Кристоф был всецело поглощен работой. Иногда, уставая писать, он вскакивал и подбегал к роялю; он играл не то, что написал, а то, что приходило ему в голову. И тут произошло нечто странное. То, что он писал, задумано было в его прежнем стиле, а те вещи, что он играл, казалось, исходили от другого человека. Это был мир с дыханием хриплым и прерывистым. Было здесь что-то бессвязное, буйное или беспомощное смятение, ничем не напоминавшее могучую логику, царившую во всей остальной его музыке. Казалось, эти необдуманные импровизации, ускользавшие от сознания и вырывавшиеся, как вопль зверя, скорее из недр плоти, чем из мысли, указывали на душевную неуравновешенность, на грозу, готовящуюся в недрах будущего.
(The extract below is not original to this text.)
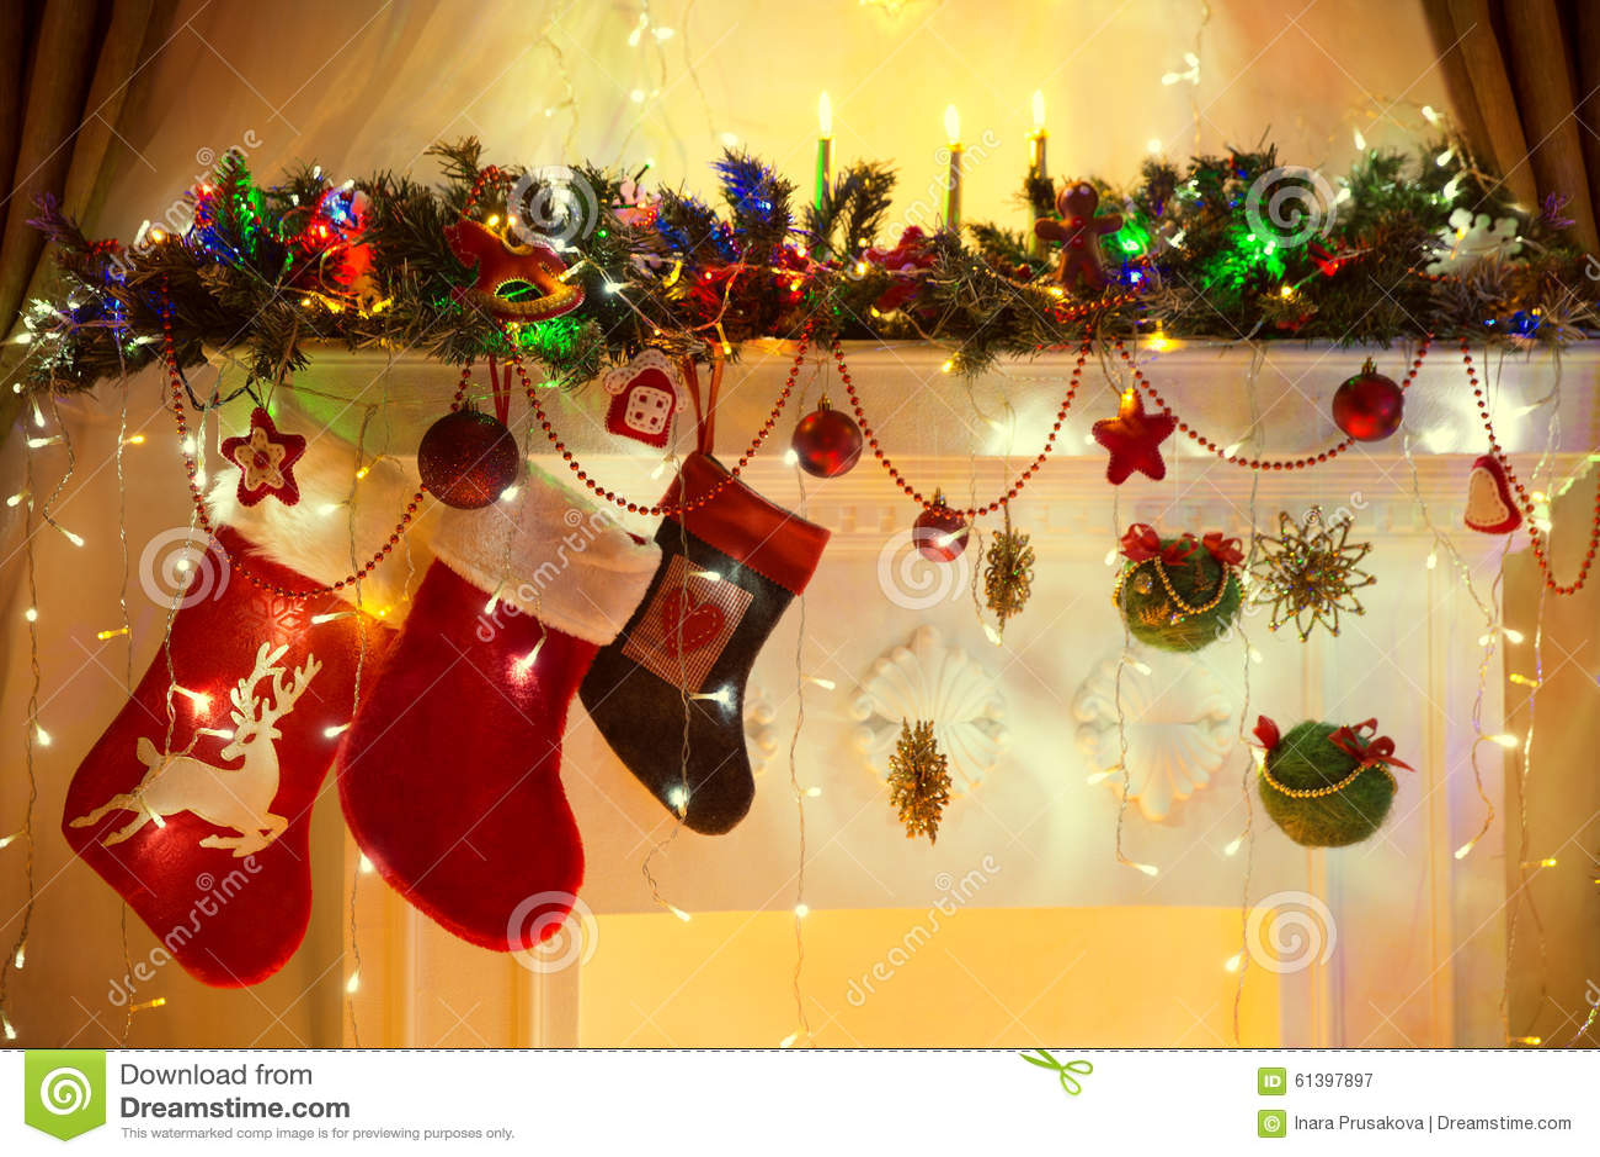 Weihnachtskamin, Familien-hängende Socken, Weihnachten Beleuchtet ...

Кристоф не сознавал этого, но Оливье слушал, смотрел на Кристофа, и его охватывала смутная тревога. Слабость делала его странно проницательным, дальновидным: он видел то, чего никто другой не замечал.
Взяв последний аккорд, Кристоф остановился, растерянный, весь в испарине, обвел комнату мутным еще взглядом и, встретив взгляд Оливье, рассмеялся и вернулся к столу. Оливье спросил:
- Что это было, Кристоф?
- Ничего, - промолвил Кристоф. - Я взбаламучиваю воду, чтобы приманить рыбу.
- Ты это запишешь?
- Это? Что - это?
- То, что ты сказал.
- А что я сказал? Я уже не помню.
- Но о чем же ты думал?
- Сам не знаю, - ответил Кристоф, проводя рукою по лбу.
Он снова принялся писать. И снова в комнате друзей воцарилась тишина. Оливье продолжал смотреть на Кристофа. Кристоф почувствовал этот взгляд и обернулся. Глаза Оливье следили за ним с глубокой любовью.
- Лентяй! - весело сказал он.
Оливье вздохнул.
- Что с тобой? - спросил Кристоф.
- Ах, Кристоф! Как много в тебе всего заложено! Подумать только, что здесь, подле меня, таится столько сокровищ, которые ты раздаешь другим, а я не получу своей доли!..
- Да ты рехнулся! Что это на тебя нашло?
- Какова будет твоя жизнь? Через какие опасности, через какие испытания ты еще пройдешь?.. Я так хотел бы быть с тобою... Ничего этого я не увижу. Я глупо застряну в пути.
- Что касается глупости, то глуп ты безусловно. Уж не думаешь ли ты, чего доброго, что, если бы ты даже этого захотел, я покинул бы тебя в пути?
- Ты забудешь меня, - сказал Оливье.
Кристоф поднялся и присел на кровати, подле Оливье; он взял кисти его слабых рук, влажные от испарины. В распахнутый ворот рубахи видна была тощая грудь, кожа, тонкая и натянутая, как парус, вздутый дыханием ветра и вот-вот готовый разорваться. Крепкие пальцы Кристофа неловко застегнули ворот. Оливье не противился.
- Милый Кристоф! - нежно сказал он. - У меня все-таки было большое счастье в жизни!
- Ну вот еще! Что за дурацкие мысли! - сказал Кристоф. - Ты так же здоров, как и я.
- Да, - подтвердил Оливье.
- Так зачем же ты мелешь чепуху?
- Не сердись, - со смущенной улыбкой оказал Оливье. - Это у меня от гриппа.
- Надо встряхнуться. Ну-ка! Подымайся!
- Не сейчас. Попозже.
Он продолжал мечтать. На следующий день он встал. Но лишь для того, чтобы помечтать, сидя у камина.